Oracle requires you to group forecasts into forecast sets, which are simply collections of forecasts. Forecast sets serve as both a convenience (you can refer to multiple forecasts by referencing their set) and a method to control forecast consumption, described in the following. This structure -- forecast sets, forecast names, forecast items, and forecast entries -- is illustrated in Figure 8-5.

Note

Forecast set names are defined in the same database table that defines forecast names, so they share the same size restrictions. In addition, forecast set names must be different from forecast names.

Forecast data model
Figure 8-5: Forecast data model

Generating forecasts from historical information

The Oracle Master Scheduling/MRP and Inventory Applications provide two basic methods to generate forecasts from historical data: statistical forecasting and focus forecasting. While both methods use proven algorithms, they are basic in the level of control they provide. Unlike Oracle Demand Planning, they are based strictly on the history of issue transactions (not order bookings); therefore, if you have shipped late in the past, these methods will forecast how you can ship just as late in the future! And they offer none of the outlier detection or collaborative features of Oracle Demand Planning. Nevertheless, they may meet simple requirements.

Statistical forecasts

Oracle provides basic statistical forecasting capability as part of the Inventory and Master Scheduling/MRP applications. Statistical forecasts can span multiple periods and can recognize trend and seasonality.

Focus forecasts

Focus forecasting provides a "sanity check" on the current month's forecast. Focus forecasting examines five different forecast models against past history, determines the model that would best have predicted the history, and uses that model to generate a forecast for the current period. (The process generates a "forecast" for multiple periods, but they are simply copies of the current period forecast.)

Generating forecasts

You generate a forecast by first defining a forecast rule that specifies a bucket type, a forecast method (statistical or focus), and the sources of demand. For the statistical forecast method, the forecast rule also specifies the exponential smoothing (alpha) factor, trend smoother (beta) factor, and seasonal smoothing (gamma) factor. Then, in the Generate Forecast window, you specify the following:

  • Name of the forecast you want to populate.
  • Forecast rule that determines the bucket, forecast method, and demand stream.
  • Selection criteria to identify the items for which you want to generate a forecast. You can select all items, all items in a designated category set, items in a specific category within a category set, or an individual item.
  • An overwrite option, which determines what happens to existing forecast information.
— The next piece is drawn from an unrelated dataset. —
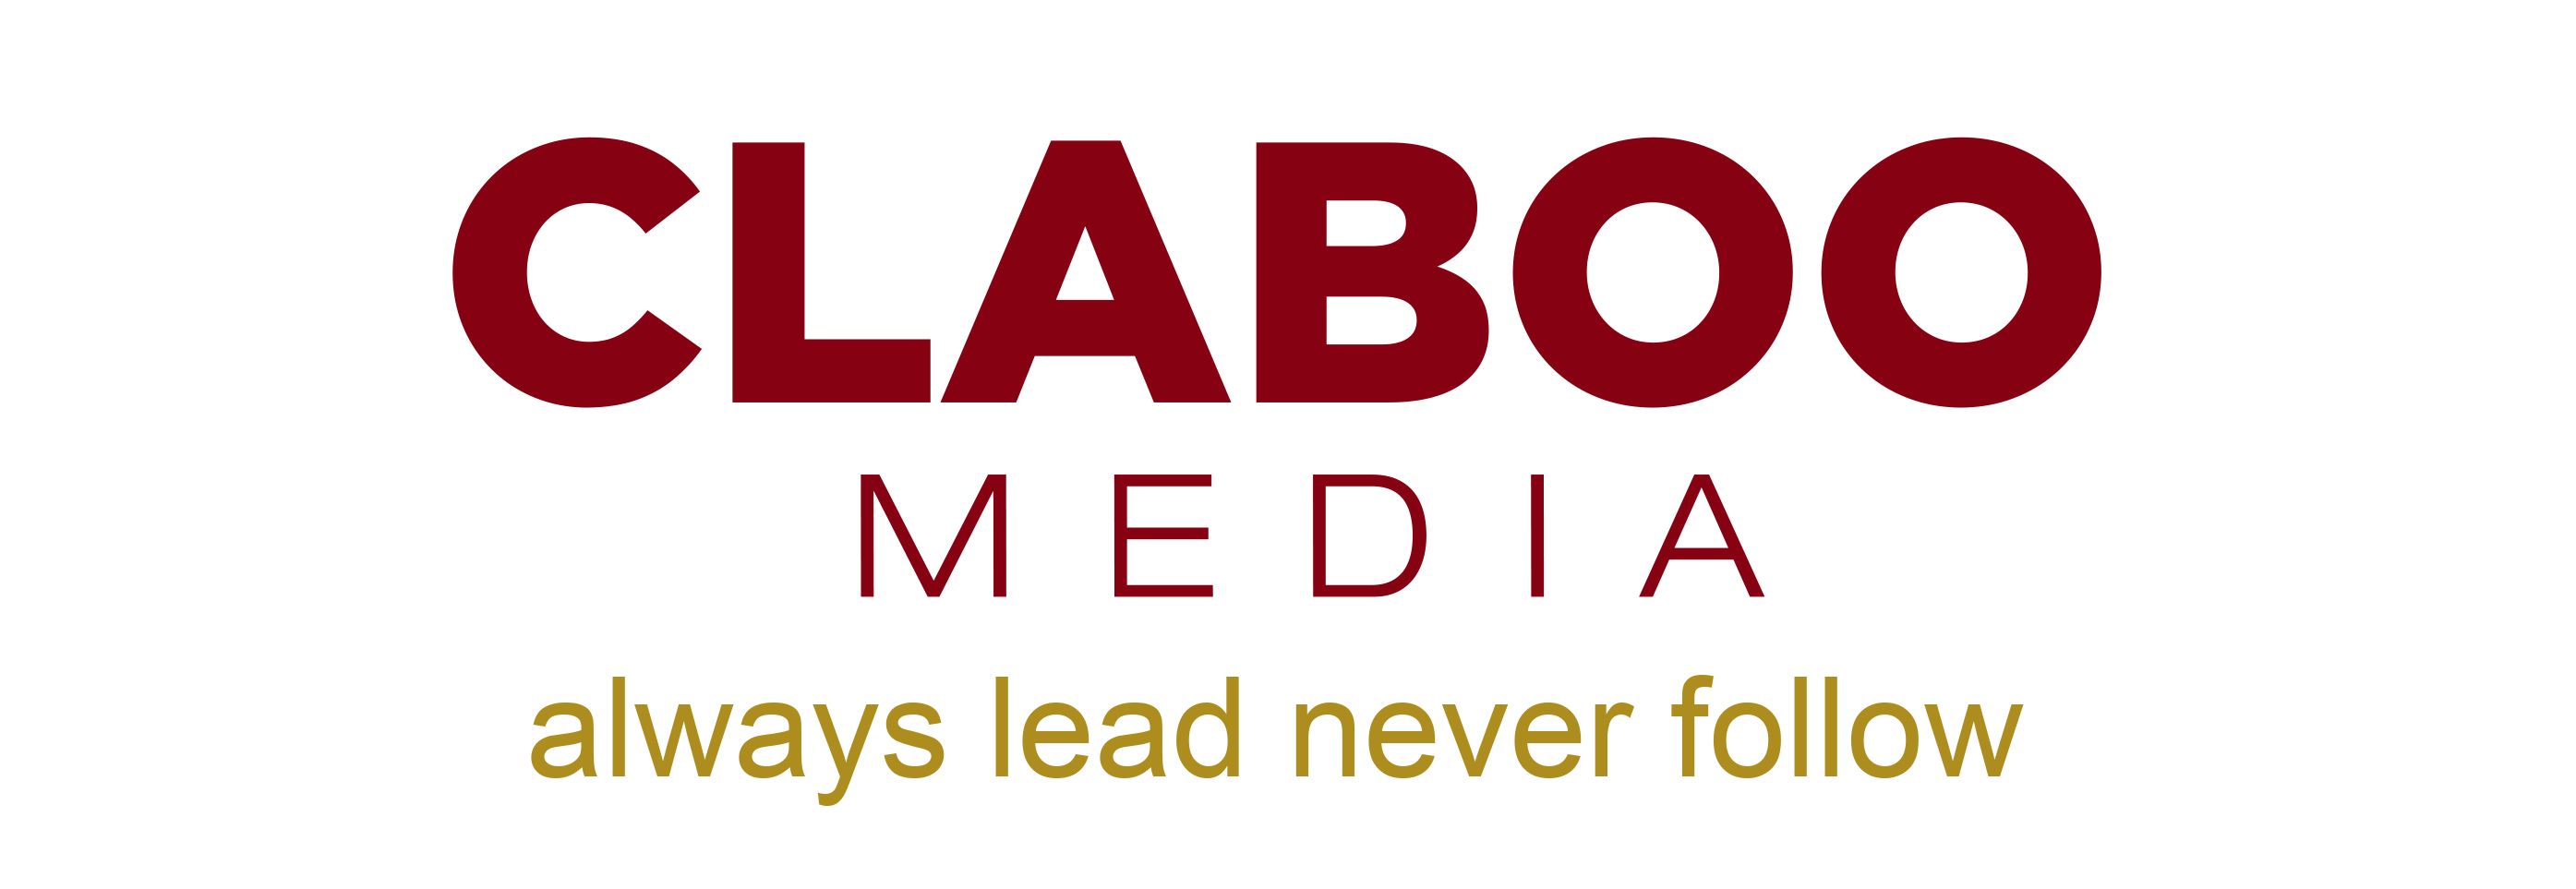 Claboo Media

All Entries deletes all existing forecasts before repopulating the forecast data. Same Source Only deletes only forecast entries that were previously generated from the same source that you are about to load. None does not delete any existing entries.
  • Start date and cutoff date for the forecast information that you are about to generate.

Note

Choose the Overwrite option carefully; if you do not explicitly delete existing information through your choice of the Overwrite option, you might duplicate information already in your forecast.

Open Forecast Interface To populate forecasts using the Open Forecast Interface, you must first define your items, organizations, forecast sets, and forecast names. Then, load your forecast data into the table MRP_FORECAST_INTERFACE. Required data includes

  • INVENTORY_ITEM_ID
  • FORECAST_DESIGNATOR
  • ORGANIZATION_ID
  • FORECAST_DATE
  • QUANTITY
  • PROCESS_STATUS

Set the PROCESS_STATUS to 2 to designate data waiting to be processed. The Planning Manager (described later in this chapter) periodically checks the MRP_FORECAST_INTERFACE table to determine if there is any new data to be processed. If the Planning Manager detects new data, it launches the Forecast Interface Load Program. This program validates the data in the interface table and loads valid data into the specified forecast. If the load program detects an error, it sets the PROCESS_STATUS to 4 and enters a text message in the ERROR_MESSAGE column in the interface table. Use SQL*Plus, or a custom program, to view and correct invalid date in the interface.

Forecast entries API

You can use the forecast entries API to integrate with other software systems. This section describes the major steps in using this API.

1. Construct the following PL/SQL table for all the information that is associated with the forecast:

Variable Name Type Meaning
p_forecast_entries A PL/SQL table that contains records of type mrp_forecast_interface_ pk. mrp_forecast_ interface These are the actual forecast entries.
p_forecast_designators A PL/SQL table that contains records of type mrp_forecast_interface_ pk. rec_forecast_desg These are the forecast designator information.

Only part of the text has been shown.